___ Supplied data ___

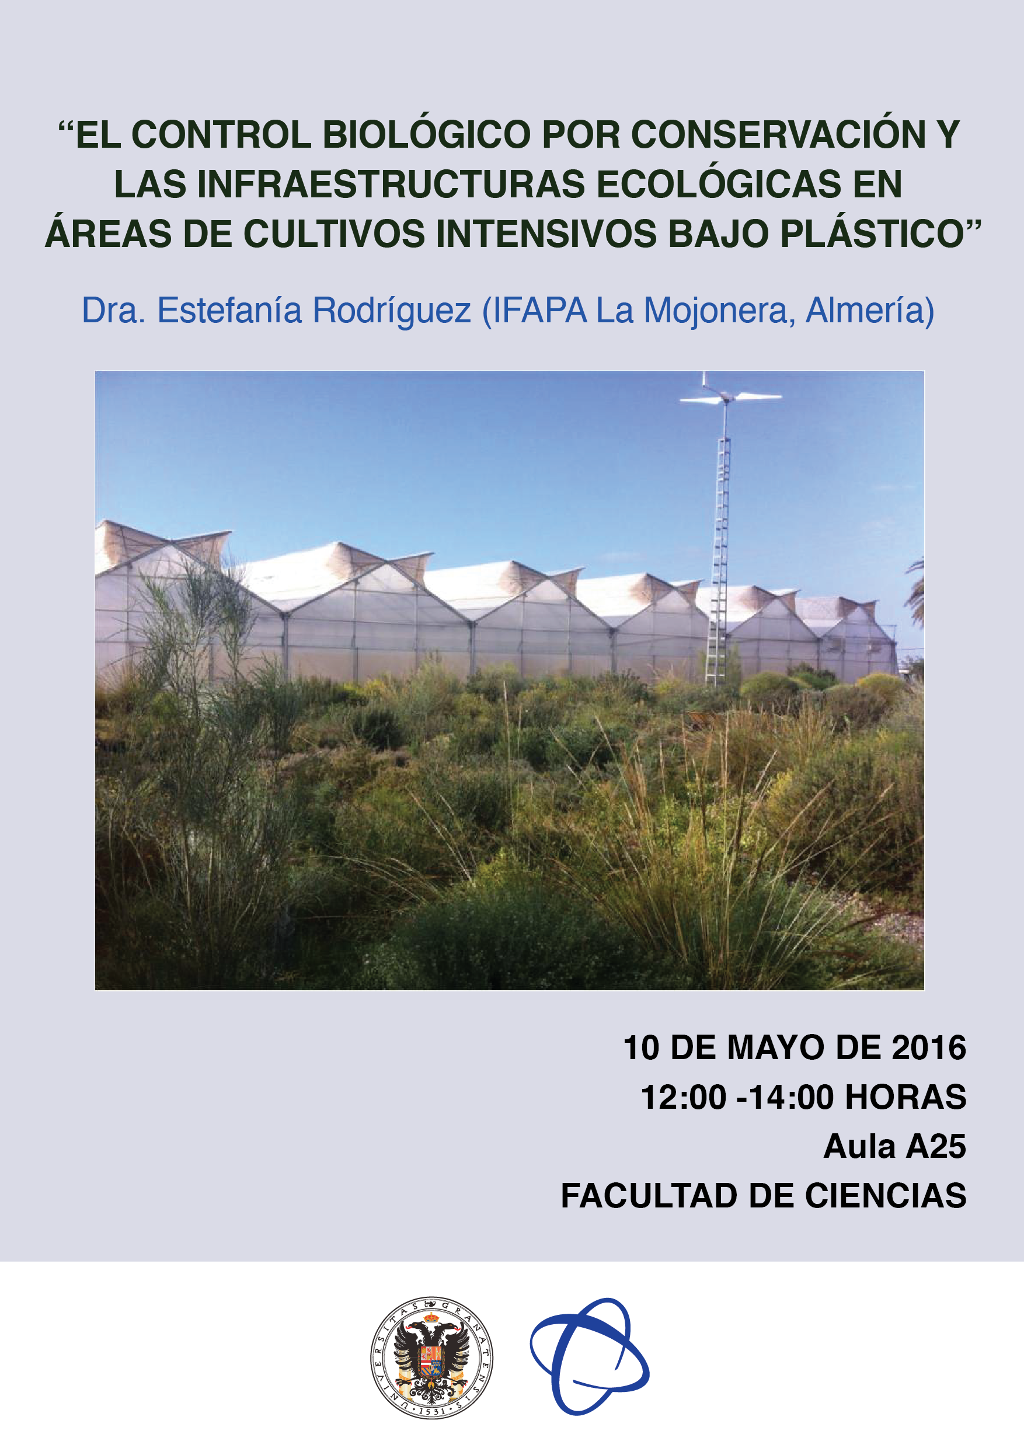 El control biológico por conservación y las infraestructuras ecológicas en áreas de cultivos intensivos bajo plástico
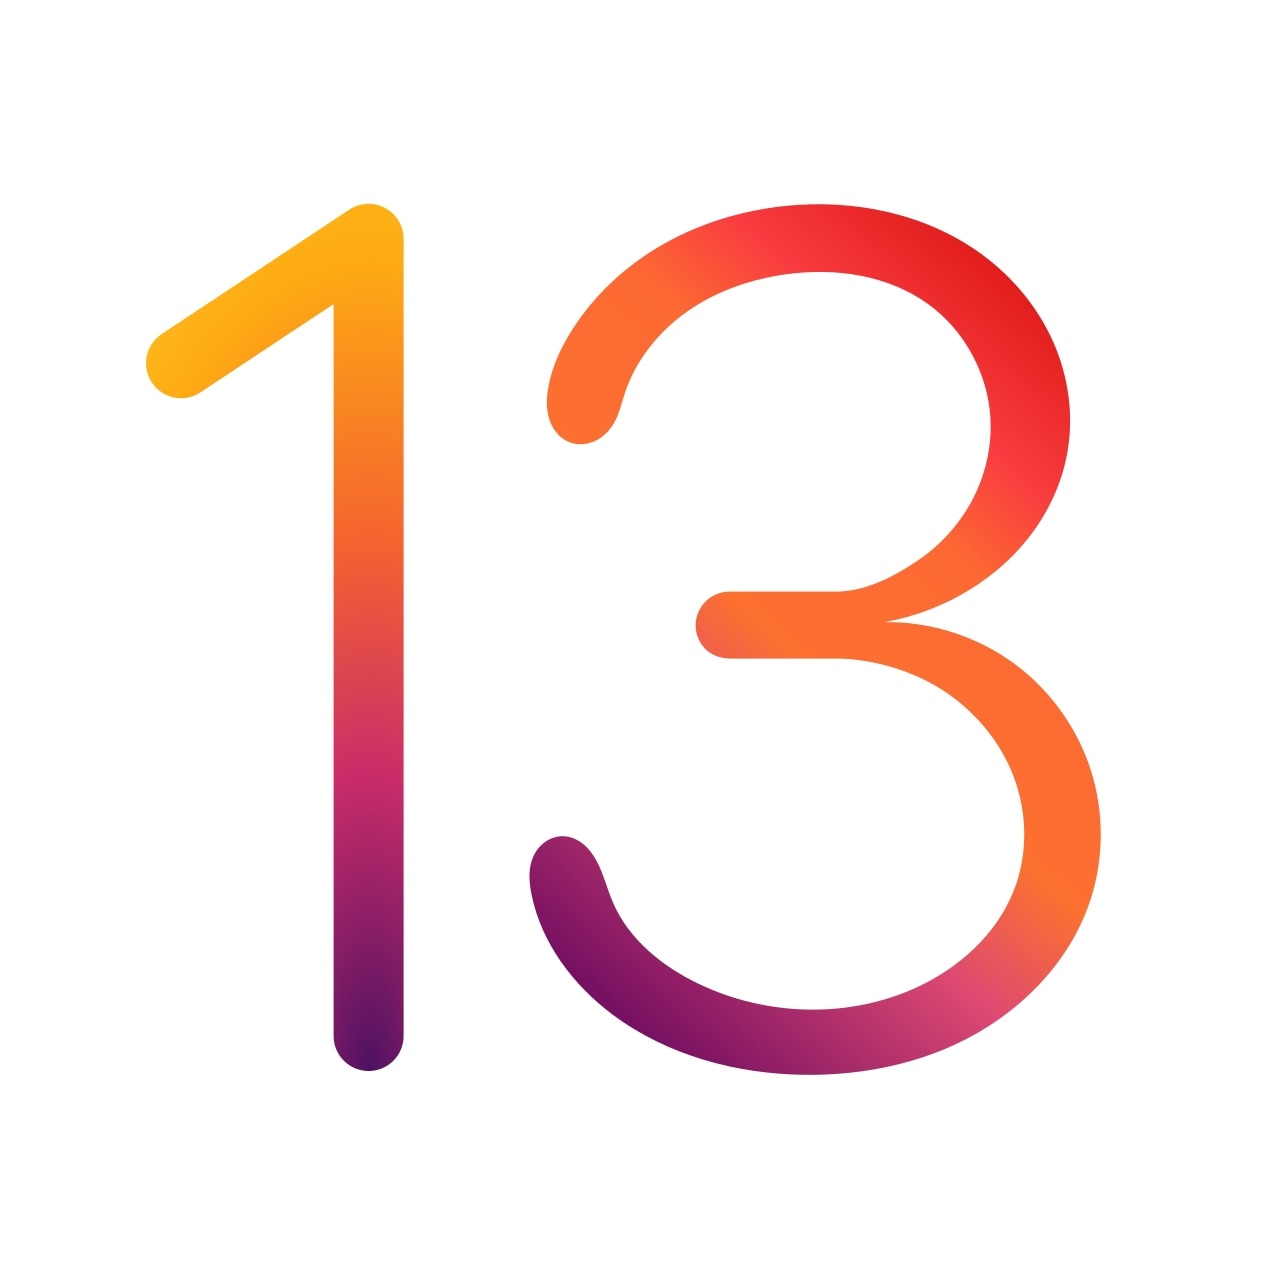 Apple wypuszcza drugą wersję beta iOS 13.4.5, iPadOS 13.4.5, tvOS 13.4.5i watchOS 6.2.5 dla programistów [Updated] 2
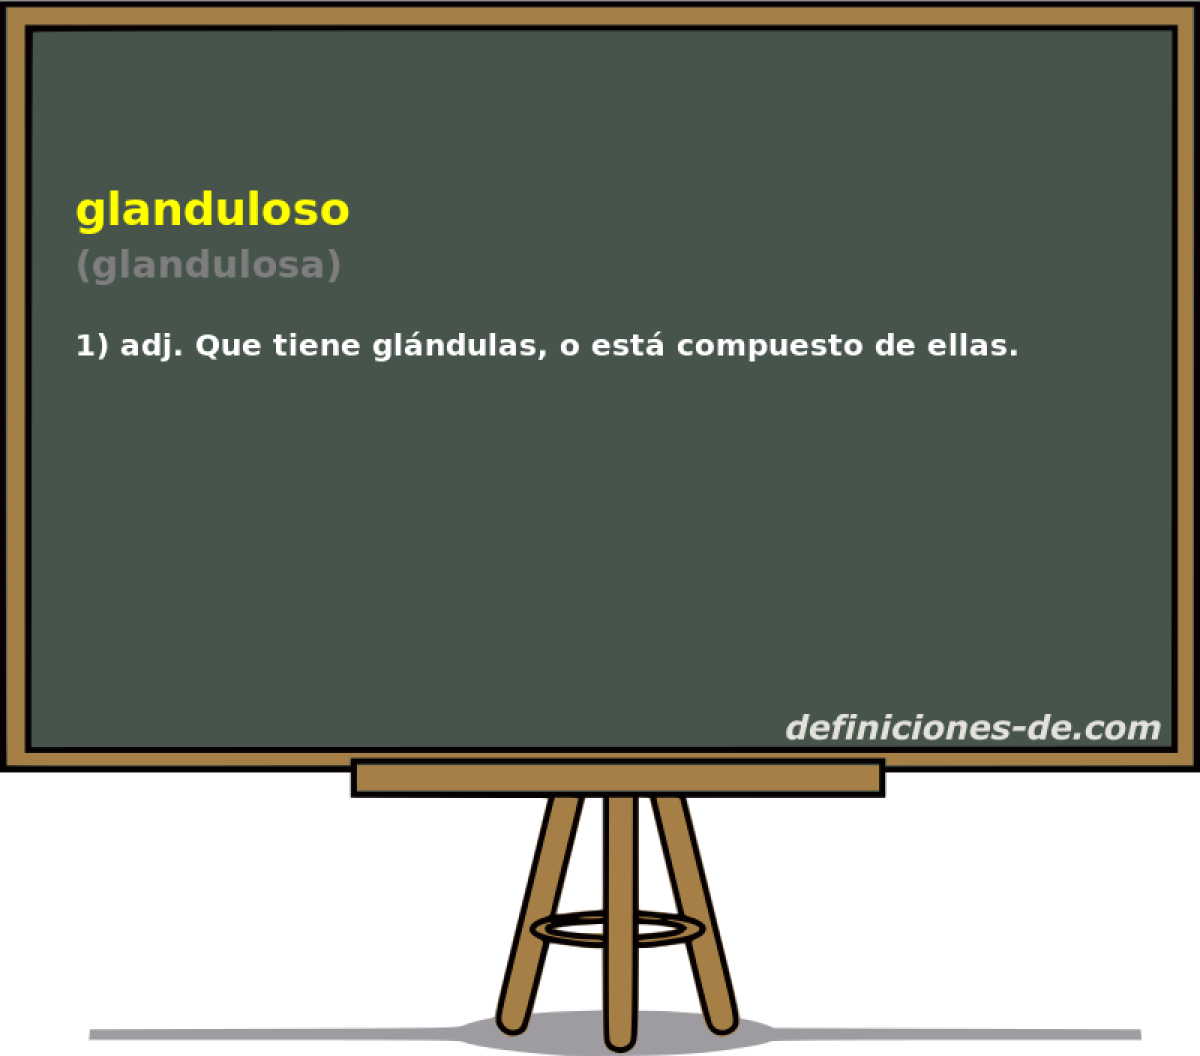 glanduloso (glandulosa)
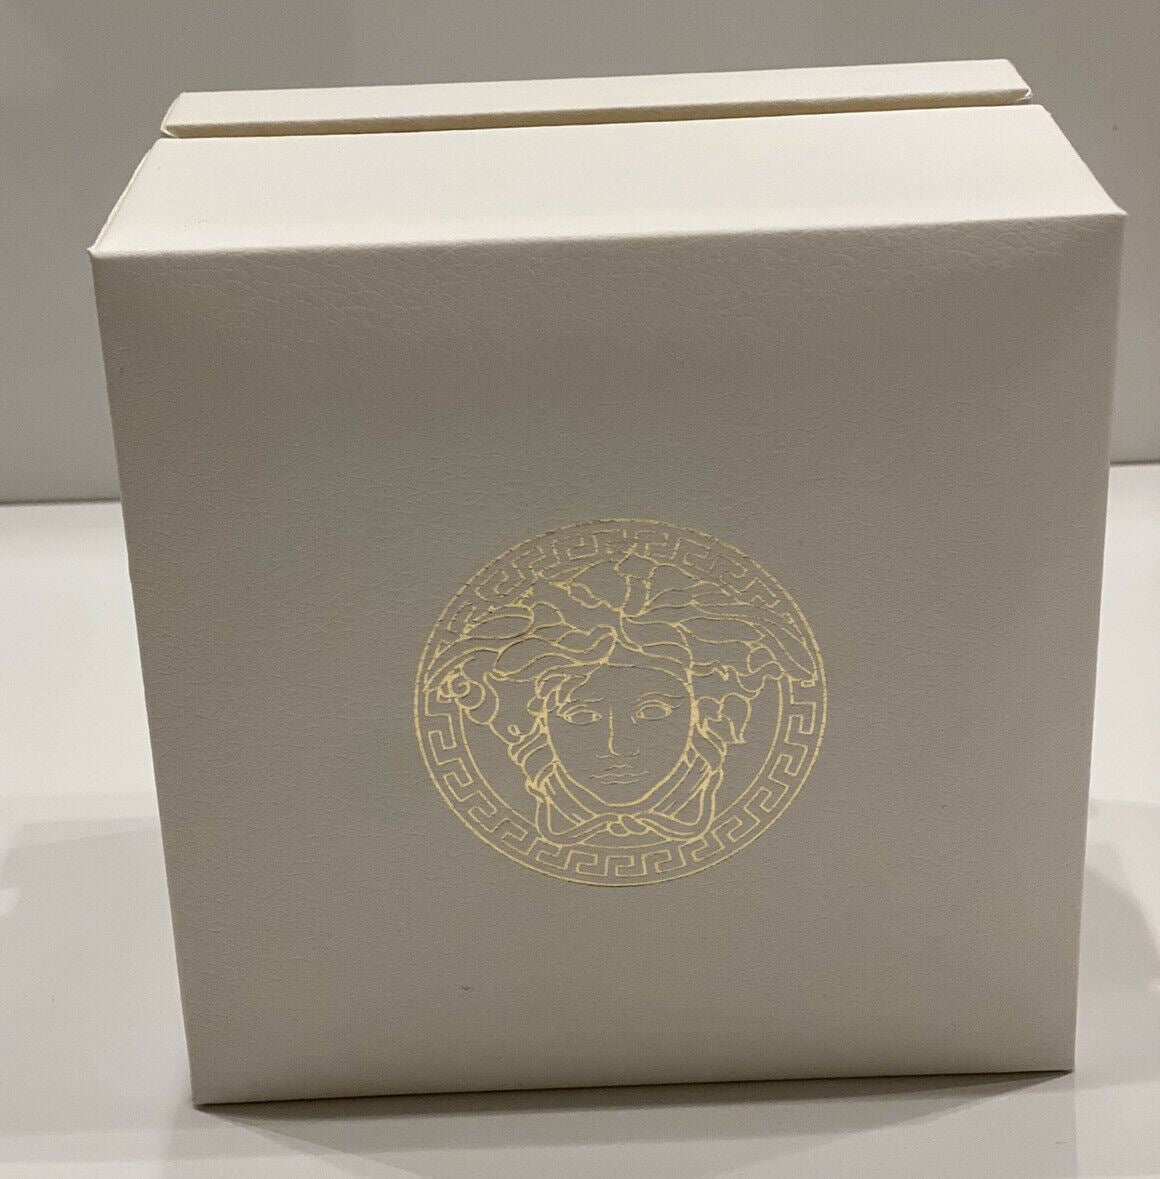 NIB 1295 $ Versace Damenuhr mit Edelstahl- und Lederarmband 
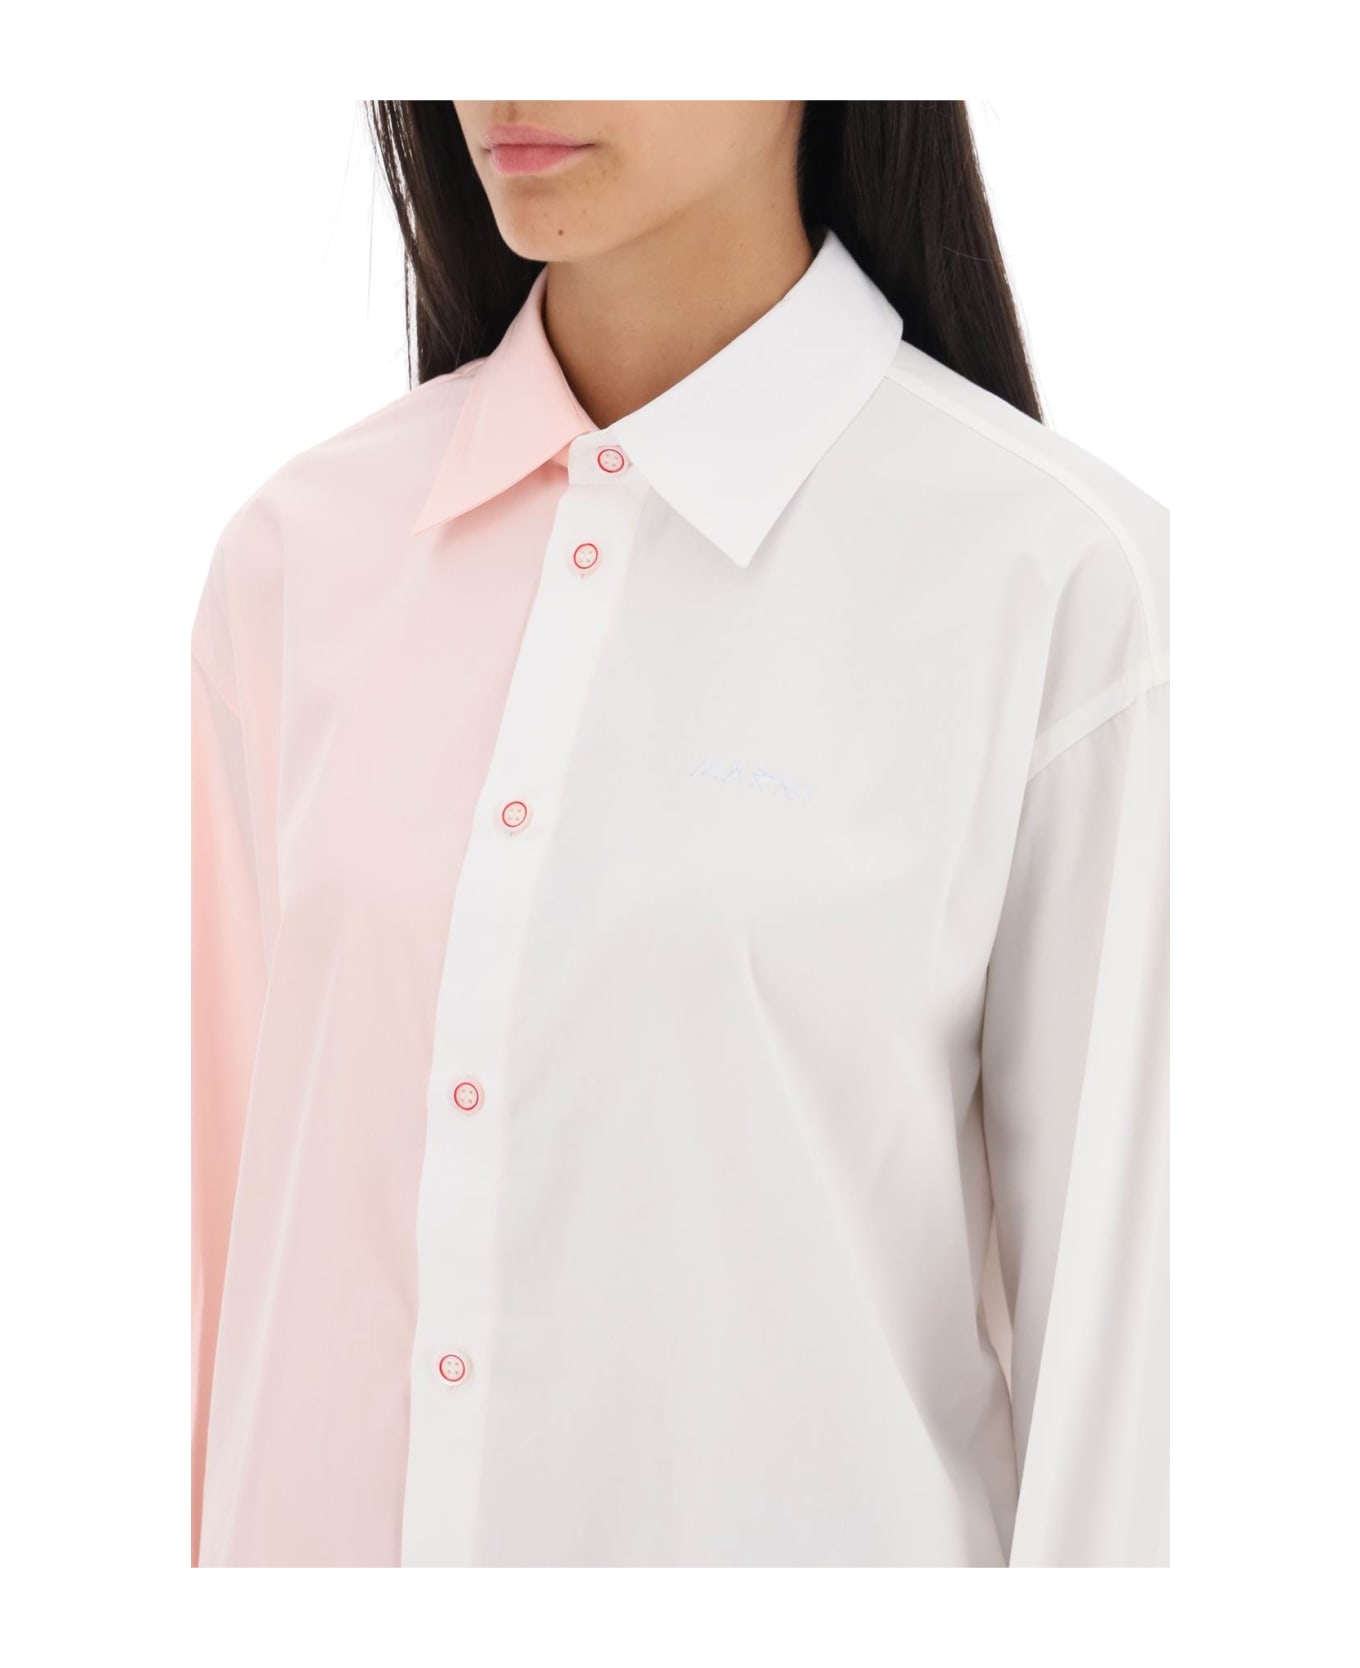 Marni Two-tone Asymmetric Shirt - Pink

___

Instructions for the task:
Reproduce the material word for word, but without its images.

Output below:
 El control biológico por conservación y las infraestructuras ecológicas en áreas de cultivos intensivos bajo plástico
 Apple wypuszcza drugą wersję beta iOS 13.4.5, iPadOS 13.4.5, tvOS 13.4.5i watchOS 6.2.5 dla programistów [Updated] 2
 glanduloso (glandulosa)
 NIB 1295 $ Versace Damenuhr mit Edelstahl- und Lederarmband 
 Marni Two-tone Asymmetric Shirt - Pink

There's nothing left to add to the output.